The company announced on Friday that the arm - CfC Life Assurance Ltd and Heritage Insurance Company Ltd (Kenya and Tanzania) - has been transferred to a new holding company, CfC Insurance Holdings Ltd (CfCIH), in readiness for listing by way of introduction.
“All factors remaining constant, we expect to list CfC Insurance Holdings Ltd by way of introduction at the NSE in the first half of next (this) year,” CfC Stanbic Holdings managing director Kitili Mbathi said when he first announced the process in December 2009.
The separate listing of the insurance firm which will see a new company joining the bourse since the Safaricom initial public offering, opens a window of opportunity for shareholders to increase or divest from the business. “It will give our shareholders the flexibility to decide which sector to increase or reduce their level of involvement,” Mr Mbathi, who is also the Standard Bank Group East Africa regional MD, said last year.
This is important given that CfC Stanbic Holdings recorded a 46 per cent decline in pre-tax profit in 2009 because of rising costs and a poor showing of the insurance business which hit its performance. The firm’s profit declined to Sh709 million from Sh1.3 billion in 2008 largely fuelled by a bear stock market and the purchase of a new core banking system last year.
The group holds a 60 per cent stake in CfC Stanbic Holdings, which is listed at the NSE and was formed following the merger of CfC Bank Ltd and Stanbic Bank Ltd. Besides the insurers, it also owns CfC Stanbic Bank Ltd, CfC Stanbic Financial Services Ltd and Stanbic Investment Management Services (East Africa) Ltd.
Also, under the ongoing complex four-step transaction, South Africa’s Liberty Insurance will enter the local market. “Subject to shareholder and regulatory approvals (in Kenya and South Africa)…Liberty will become the controlling shareholder and core strategic investor in CfCIH with a 56.82 per cent shareholding,” Mr Mbathi, said in an advertisement in sections of the media on Friday.

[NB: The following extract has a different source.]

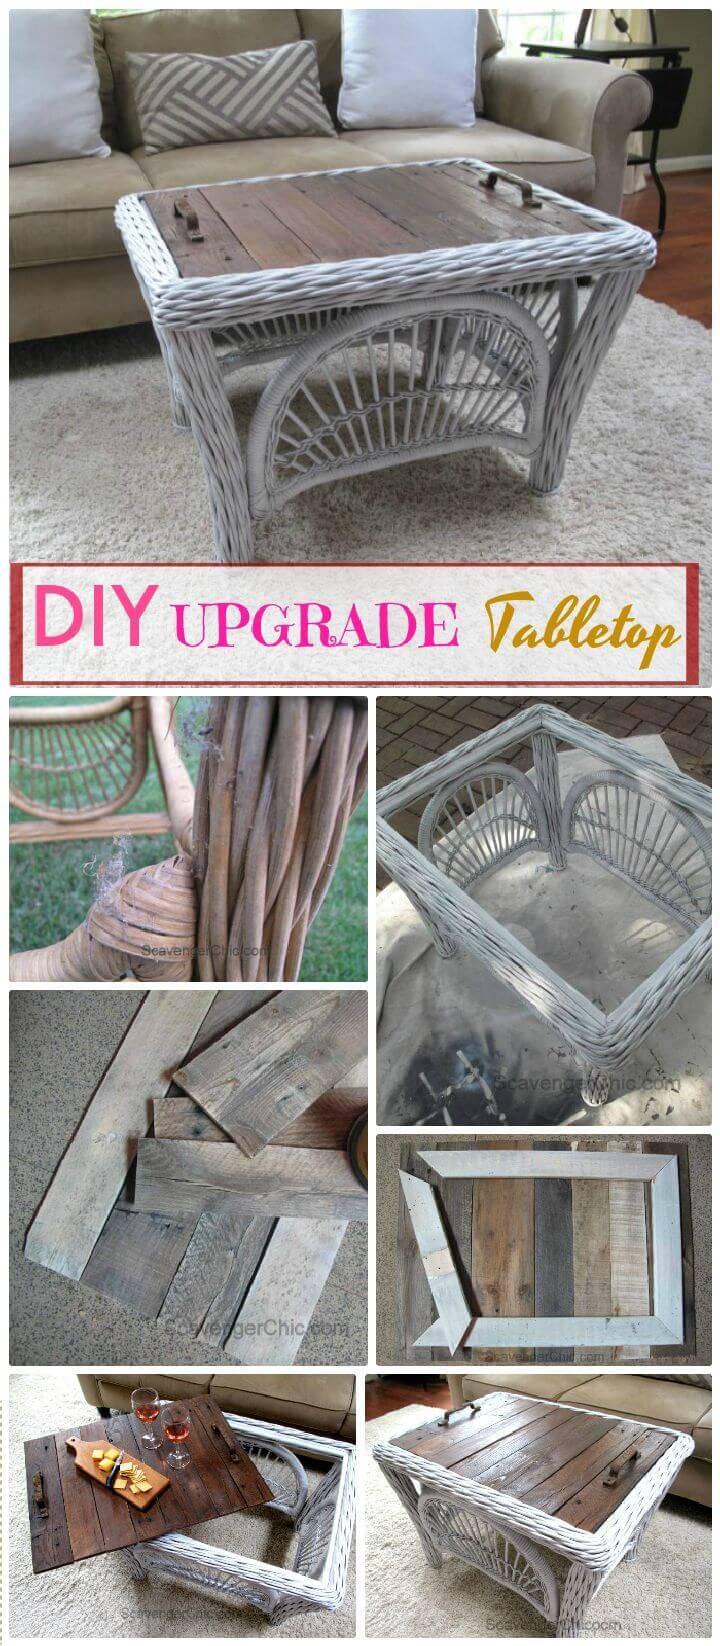 DIY Upgrade Your Tabletop

Kenyan shareholders will hold a 46 per cent stake. In exchange for acquiring the majority stake, the South African insurer will inject Sh880 million into the business to bolster its capital and reduce the level of debts remaining to a sustainable level. Incidentally, Liberty, South Africa’s third largest insurance company is a subsidiary of the Johannesburg headquartered Standard Bank Group, which holds a 53.7 per cent stake.